Federal Judge Annuls California Gay Marriage Ban

Posted August 4, 2010 in Your Family & The Law by Arthur Buono

Same-sex couples can now get married in California once more. Proposition 8, the gay marriage ban enacted by California voters in 2008, went down this afternoon. The law’s supporters say they will appeal. The last word likely will come from the U.S. Supreme Court.


  • California’s gay marriage ban violates federal equal protection right
  • Gay marriage bans taking hits this summer
  • Issue likely to reach Supreme Court for final decision


Ban Enacted by Voters Violates Constitution

Courts in California were among the first in the nation to sanction marriages between persons of the same sex. The ceremonies came to a halt when California voters put the ban in place via Prop 8. Advocates of same-sex marriage filed lawsuits against Prop 8. Neither the California Governor nor its Attorney General appeared in this case to defend the law.

This summer has brought a flurry of decisions about same-sex marriages. A federal judge in Massachusetts recently struck down the federal Defense of Marriage Act. In July the Governor of Hawaii vetoed a bill passed by state lawmakers permitting civil unions between persons of the same sex.

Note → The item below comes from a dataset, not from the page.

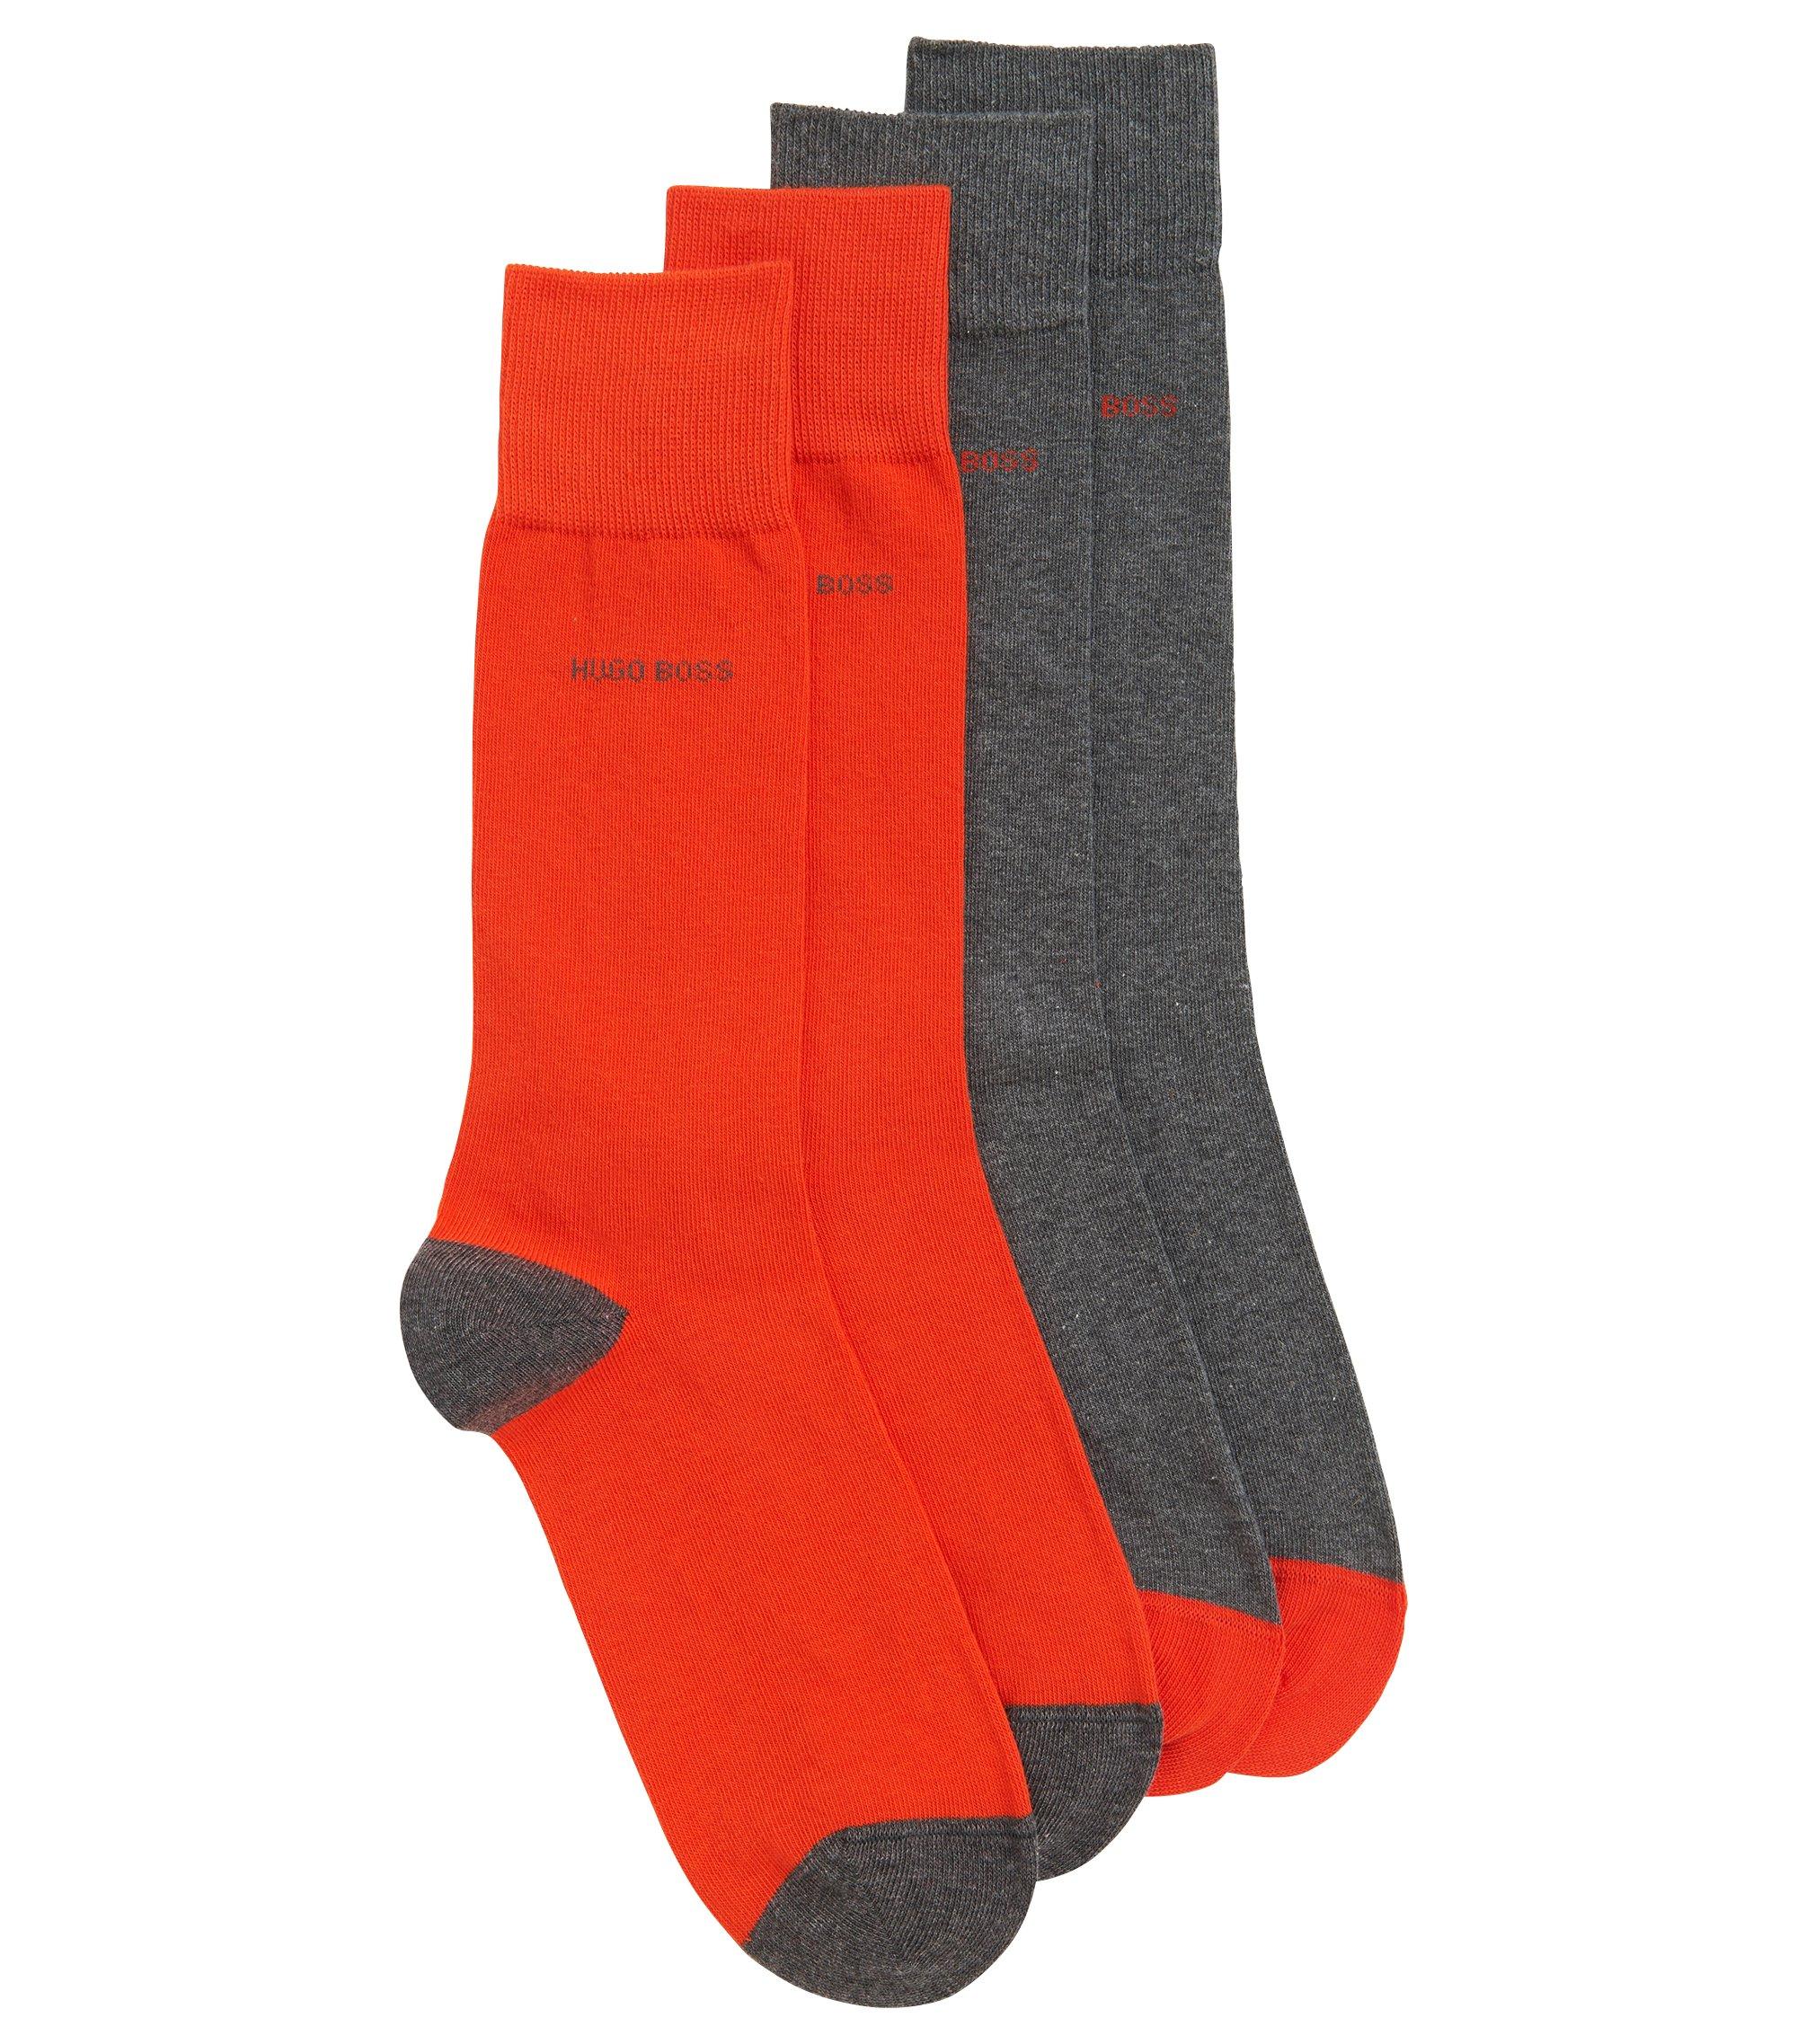 Socken aus elastischem Baumwoll-Mix im Zweier-Pack, Grau

Also last month the District of Columbia’s civil union law survived a court fight to place a referendum before voters to repeal it.

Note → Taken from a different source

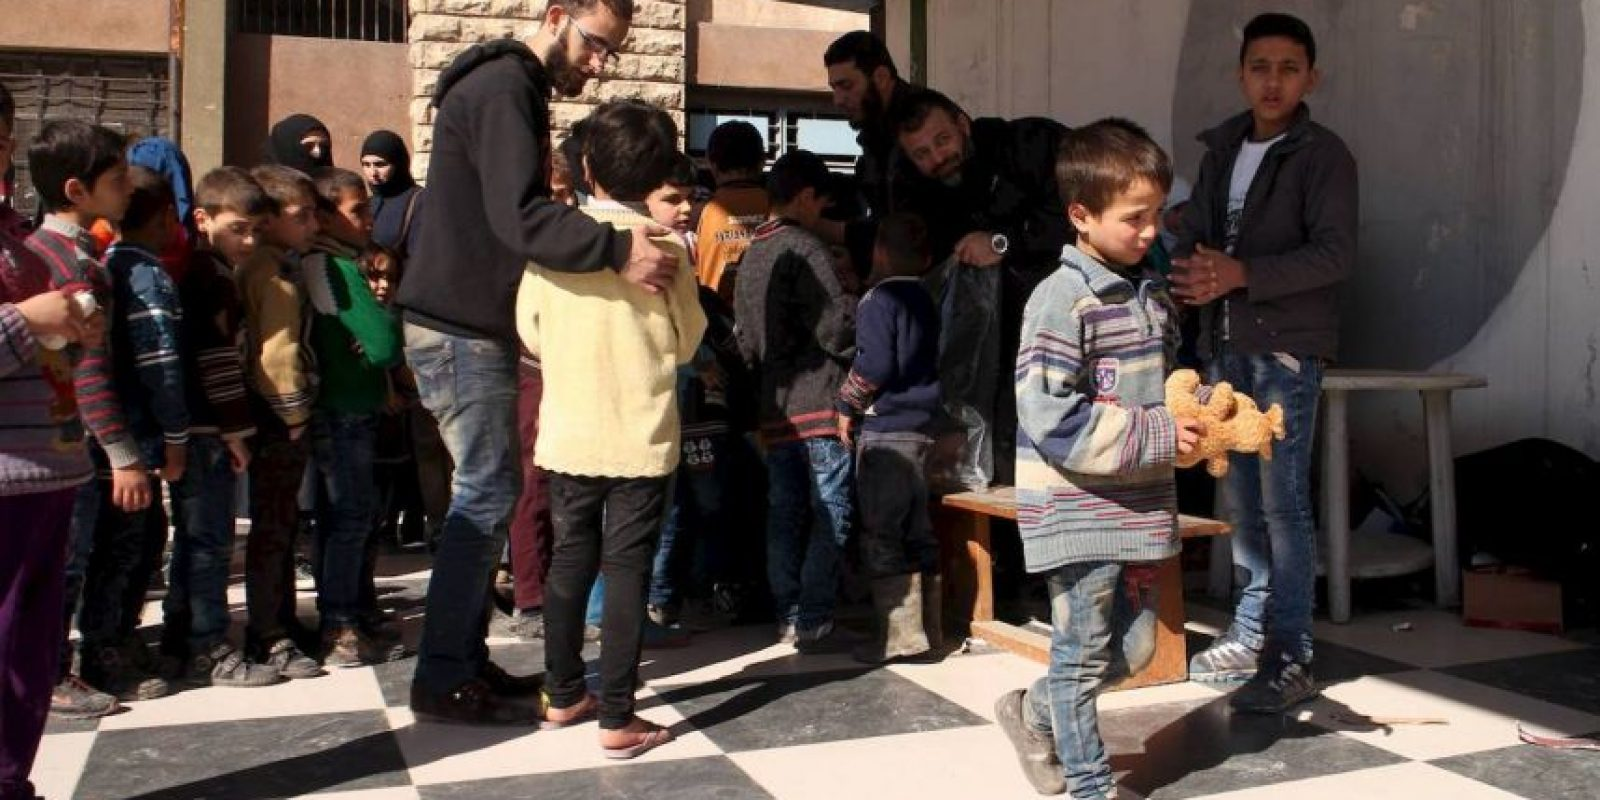 Y en campos de refugiados Foto:Facebook.com/ssyrelief

The states traditionally have made marriage laws. Those in favor of gay marriage claim the bans violate the federal constitution. The judge today said California had no rational basis to ban same-sex marriages. California’s Attorney General, Jerry Brown, agreed. He said the ban violated the Equal Protection clause. The ruling could have an impact on other laws and practices affecting gays and lesbians.